Engineers wanting shiny resume padding to play with can hate on it all they
want, but they're not the ones doing the firing.

------
tony-allan
In a corporate IT environment this is a cheap way for IT professionals to
augment local skills especially for high-level strategy and planning. I always
found it useful to quote from Gartner reports in internal reports -- an easy
way to summarise an issue.

You do need to push past the buzzwords and it needs to be used with some care
by non-IT people who cannot always see the corporate implications of some
recommendations.

Gartner conferences are also good value.

------
USAAnon
1\. Gartner charge vendors money for their services and they charge clients
for distributing their. ‘Knowledge’.

2\. If you could see the $$ signs charged to vendors by Gartner for every
vendor they list in the magic Quadrant would it colour your opinion of the
magic quadrant and their recommendations ?

Journalists who have a vested interest have to declare it in any report - why
should Gartner be any different ?

------
thetricia
It's relevant the way organizations like CNN are. In an age where there's very
little information asymmetry and everybody's equally an expert, legacy brands
serve as a credentialing baseline.

------
kthejoker2
90% of the working world has at best indifference and at worst outright
hostility to technology, and research firms are IT equivalent of the Gell Mann
Amnesia.

In the land of the blind the one eyed man is king.

You are an outlier. Take advantage of it, but also don't overvalue it.

------
stcredzero
Here's a part of the answer. They surround themselves with the trappings of
power. They know how to "speak" the nonverbal language of power, how to do it
well, and they never fail to do it.

That is probably some huge fraction of it, right there.

------
Yhippa
I wonder what their accuracy rate is?
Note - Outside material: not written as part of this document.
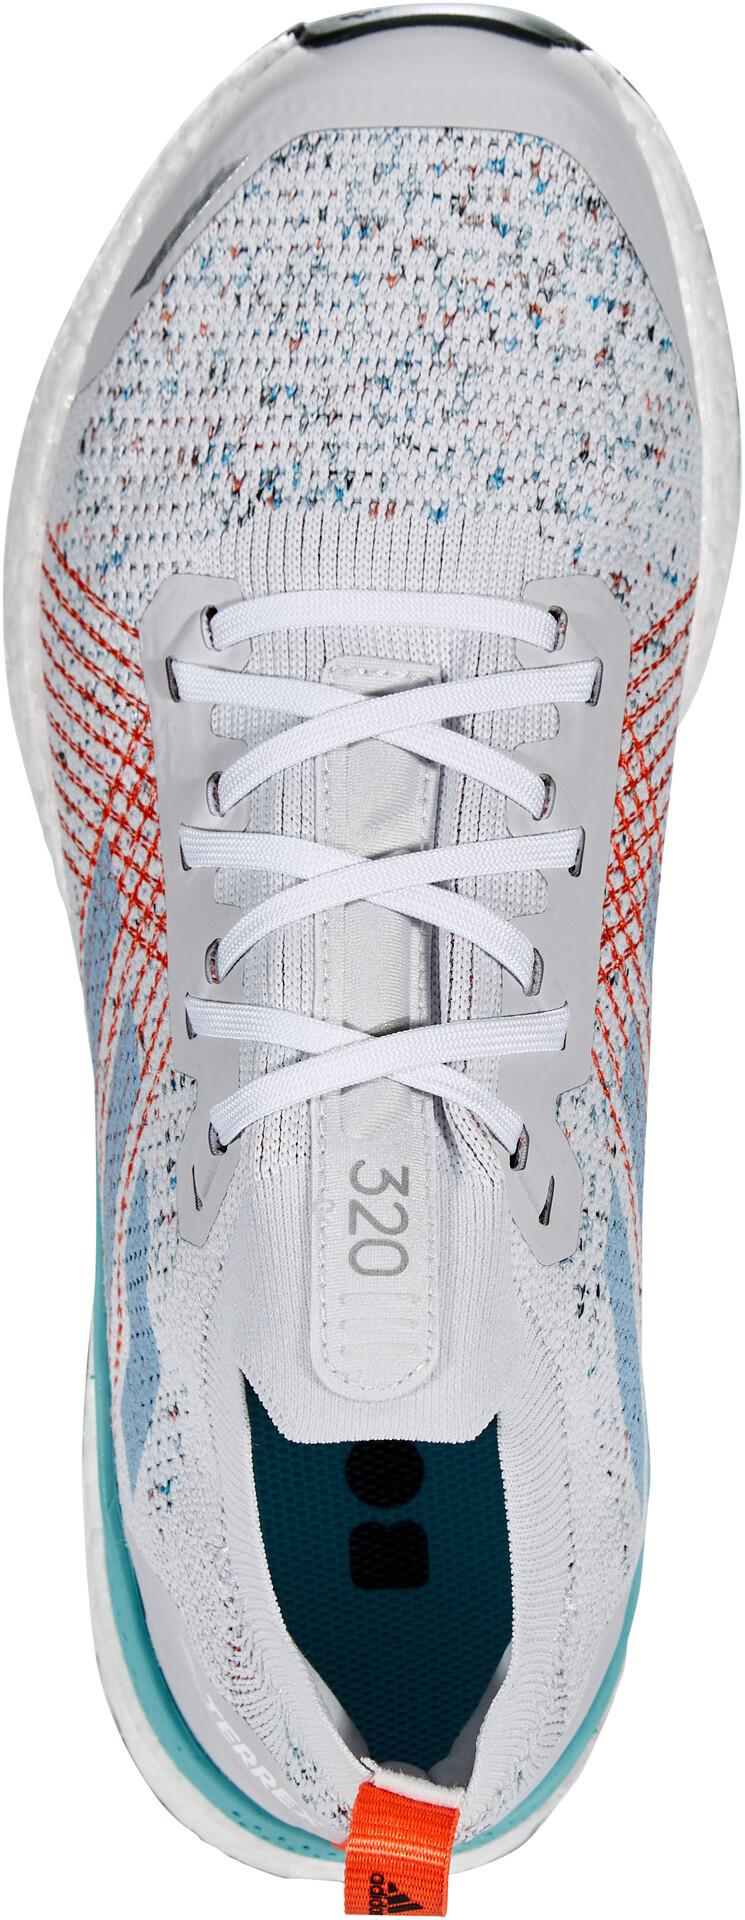 adidas Terrex Herren Terrex Two Ultra Parley Schuhe kaufen

I imagine there's a bias towards them
looking good because people accept their suggestions ("nobody got fired for
buying IBM") and it becomes a self-fulfilling prophecy.

------
neduma
[https://www.thoughtworks.com/radar](https://www.thoughtworks.com/radar) is
relevant?

------
baybal2
At least, they predicted one thing: smartphones

------
kapauldo
Same as Oracle, they're an excellent sales org with a commodity product.